YOUR ASSIGNMENT: Pictures aside, quote the whole listing exactly.

MATERIAL PROVIDED:
——————

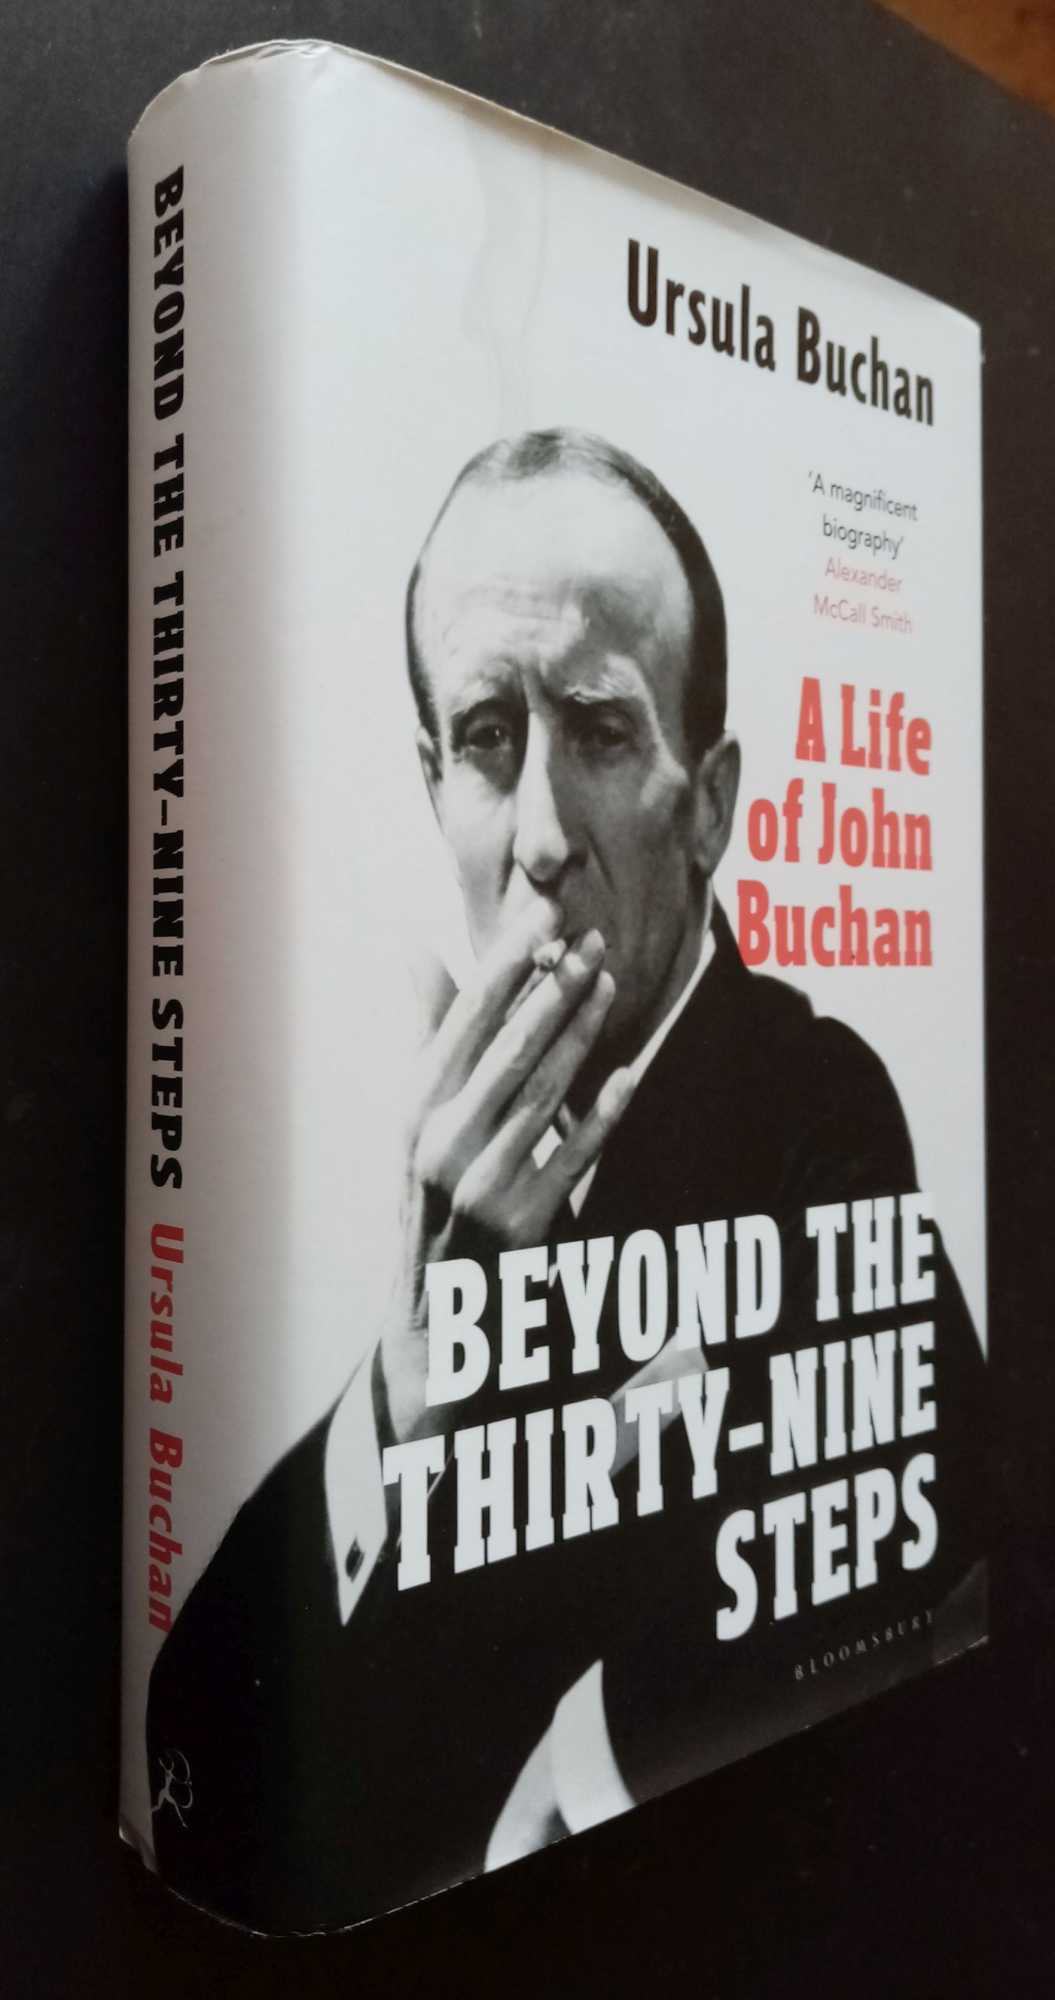 Ursula Buchan - Beyond the Thirty-Nine Steps: A Life of John Buchan
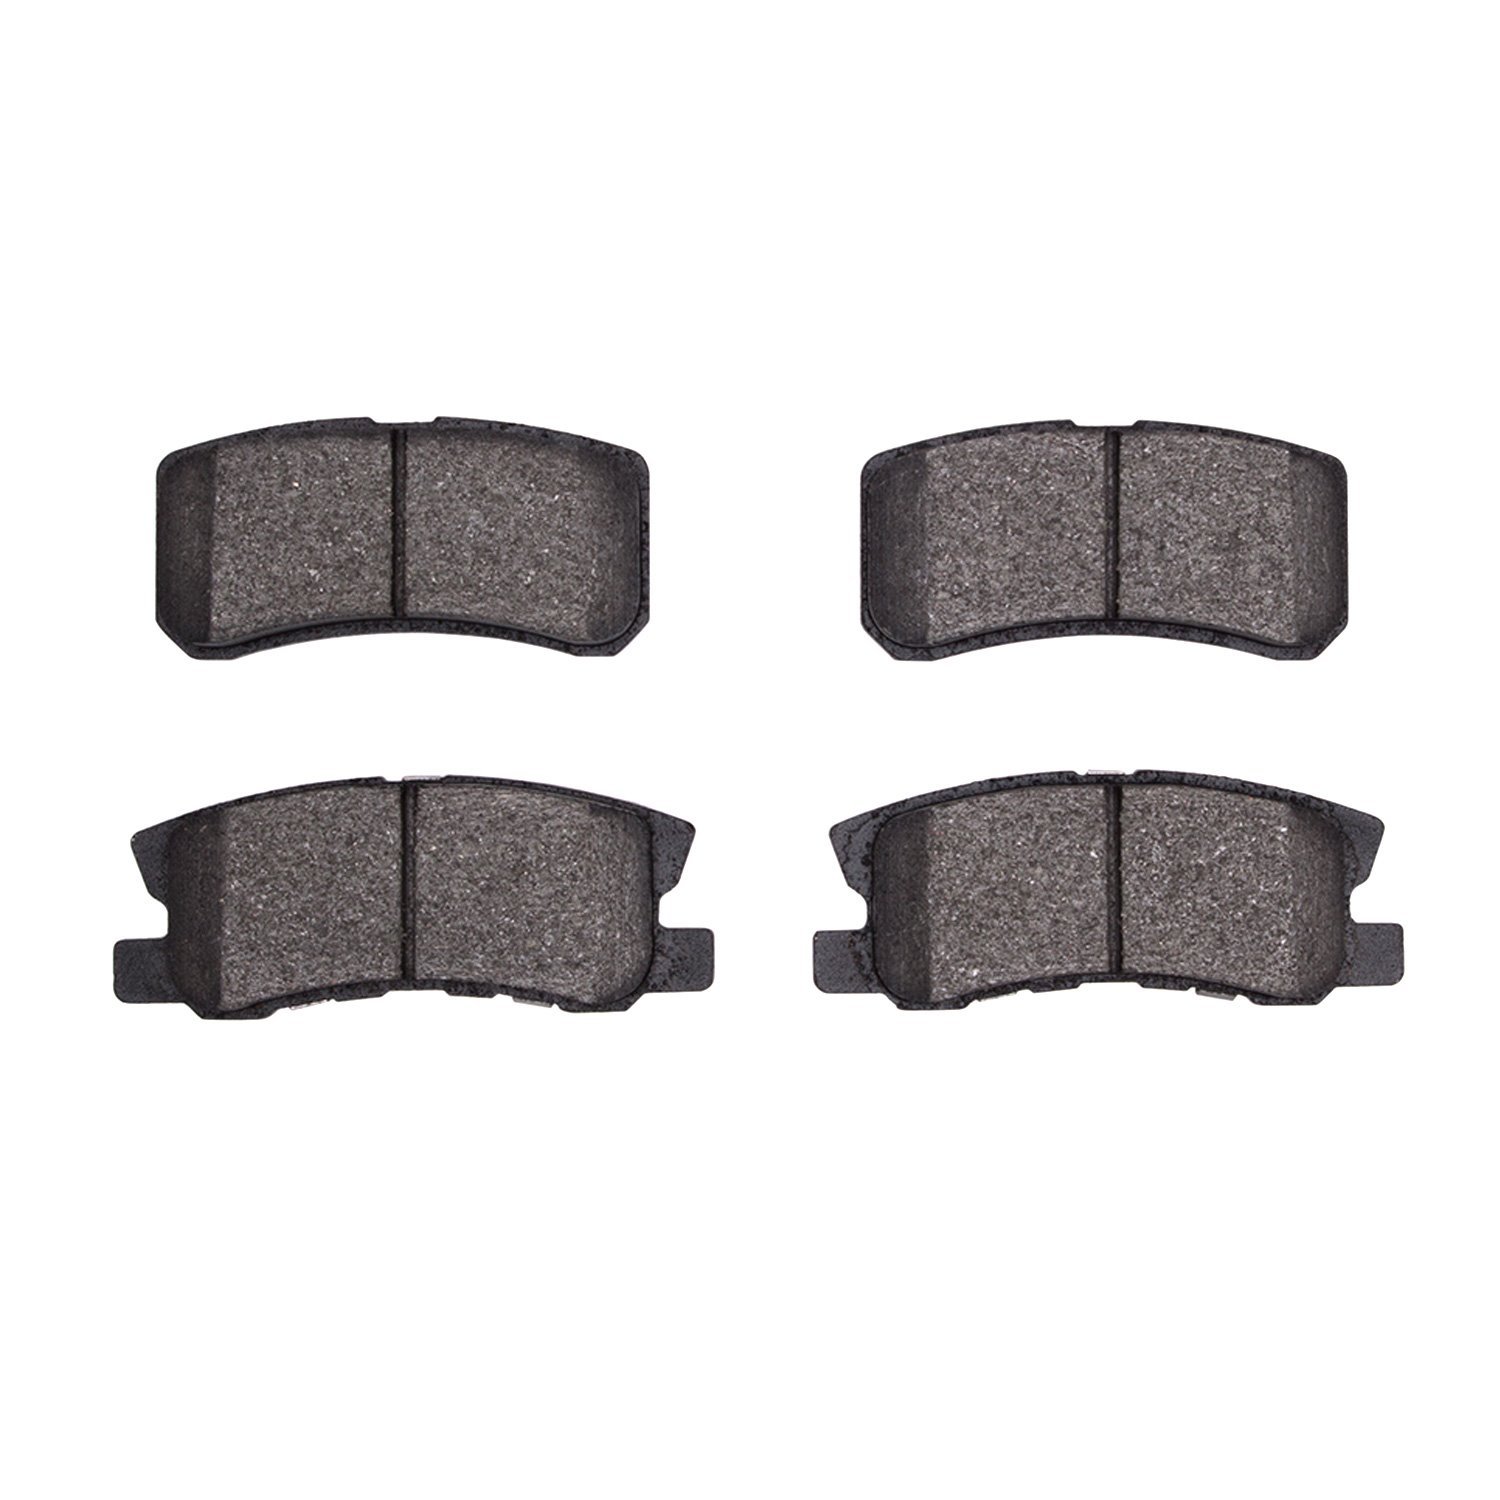 Ceramic Brake Pads, 2000-2017 Fits Multiple Makes/Models, Position: Rear
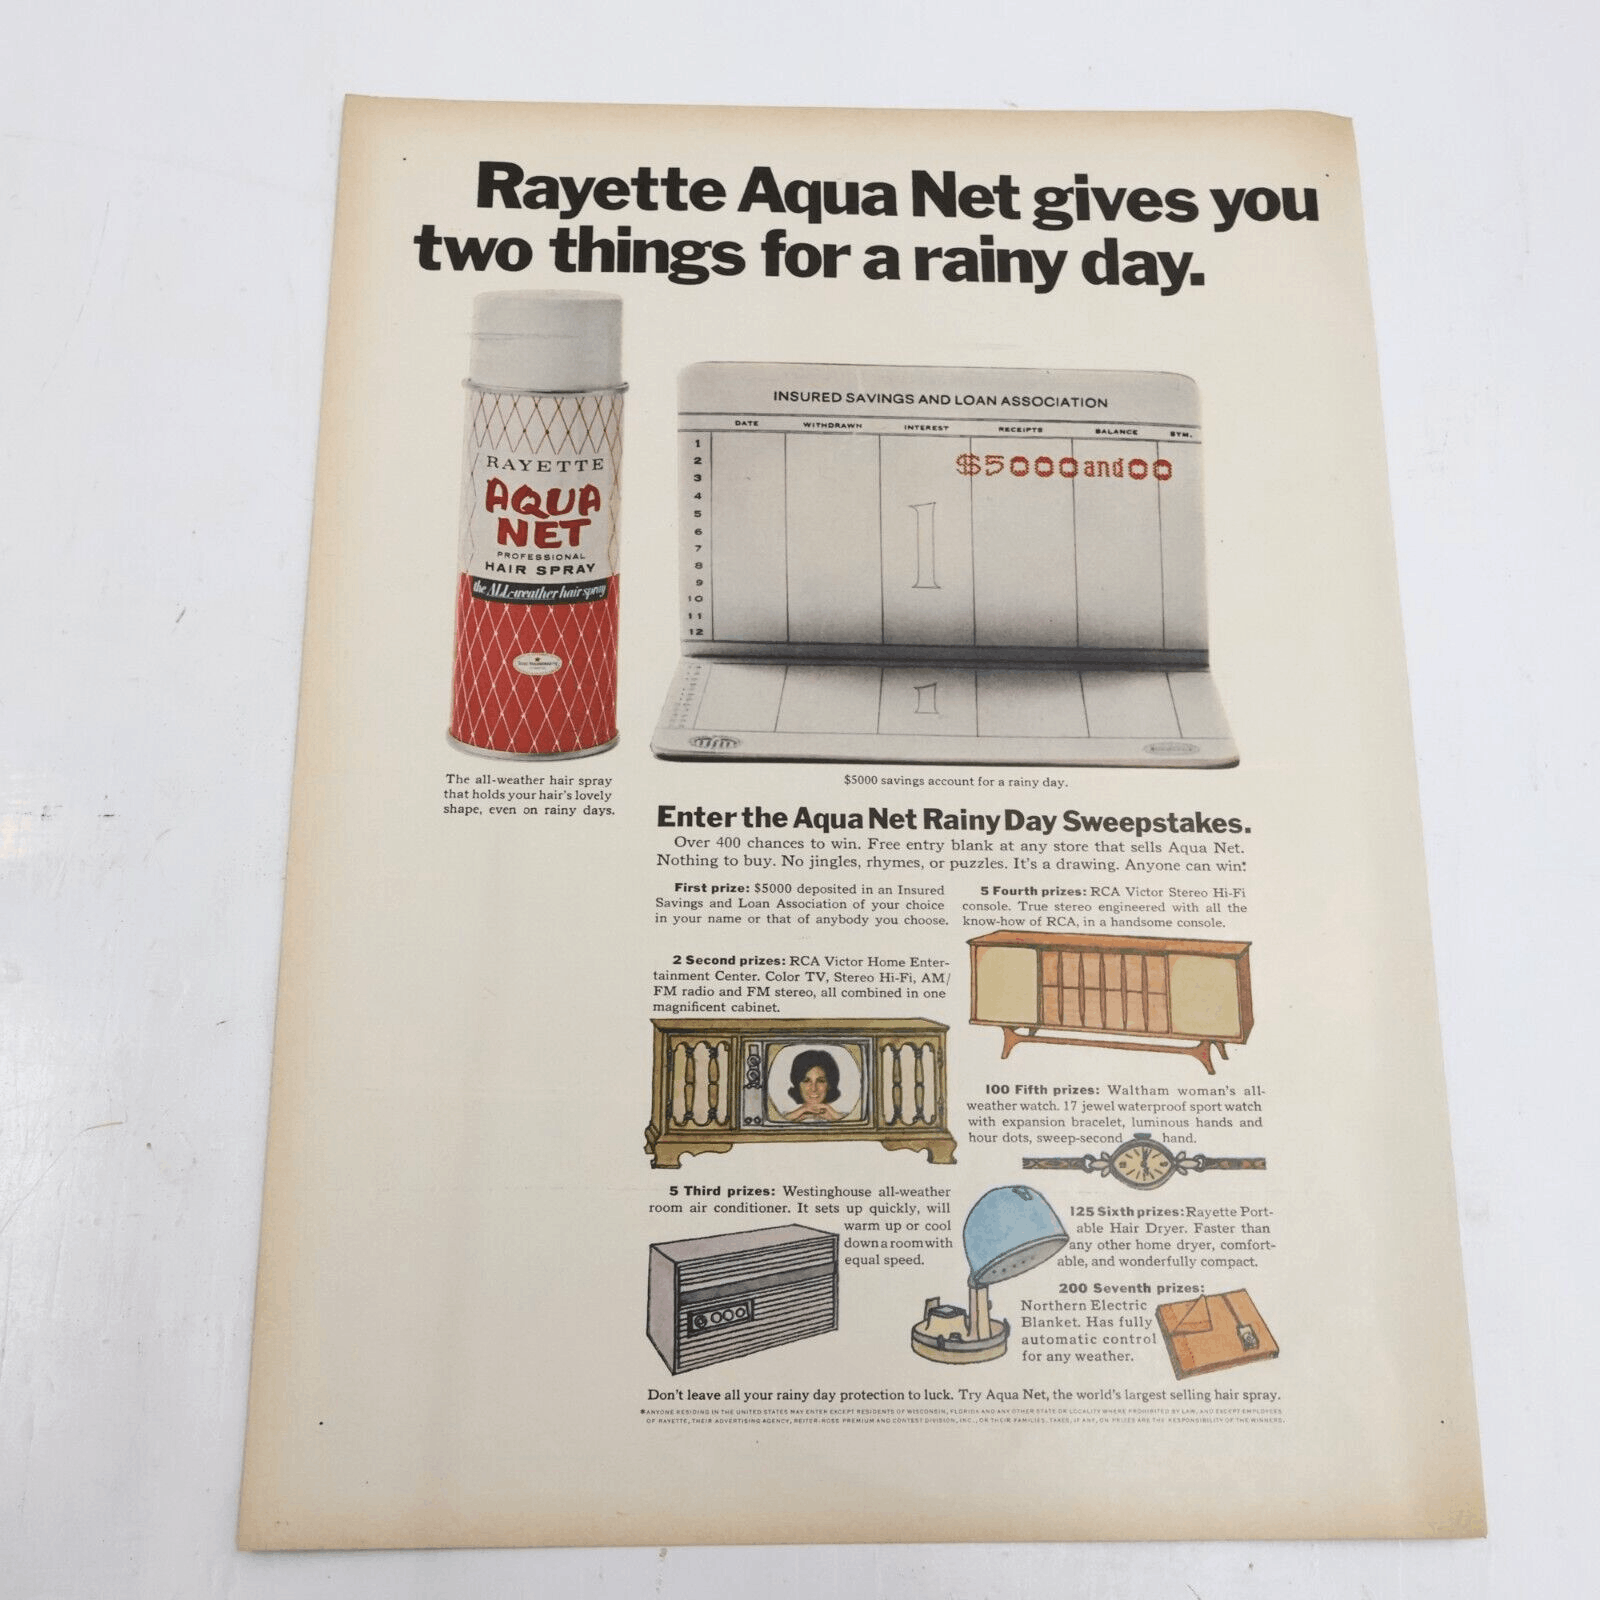 1964 Rayette Aqua Net Professional Hair Spray For a Rainy Day Print Ad 10.5×13.5

——————

REPLY:
 Ursula Buchan - Beyond the Thirty-Nine Steps: A Life of John Buchan
 Ceramic Brake Pads, 2000-2017 Fits Multiple Makes/Models, Position: Rear
 1964 Rayette Aqua Net Professional Hair Spray For a Rainy Day Print Ad 10.5×13.5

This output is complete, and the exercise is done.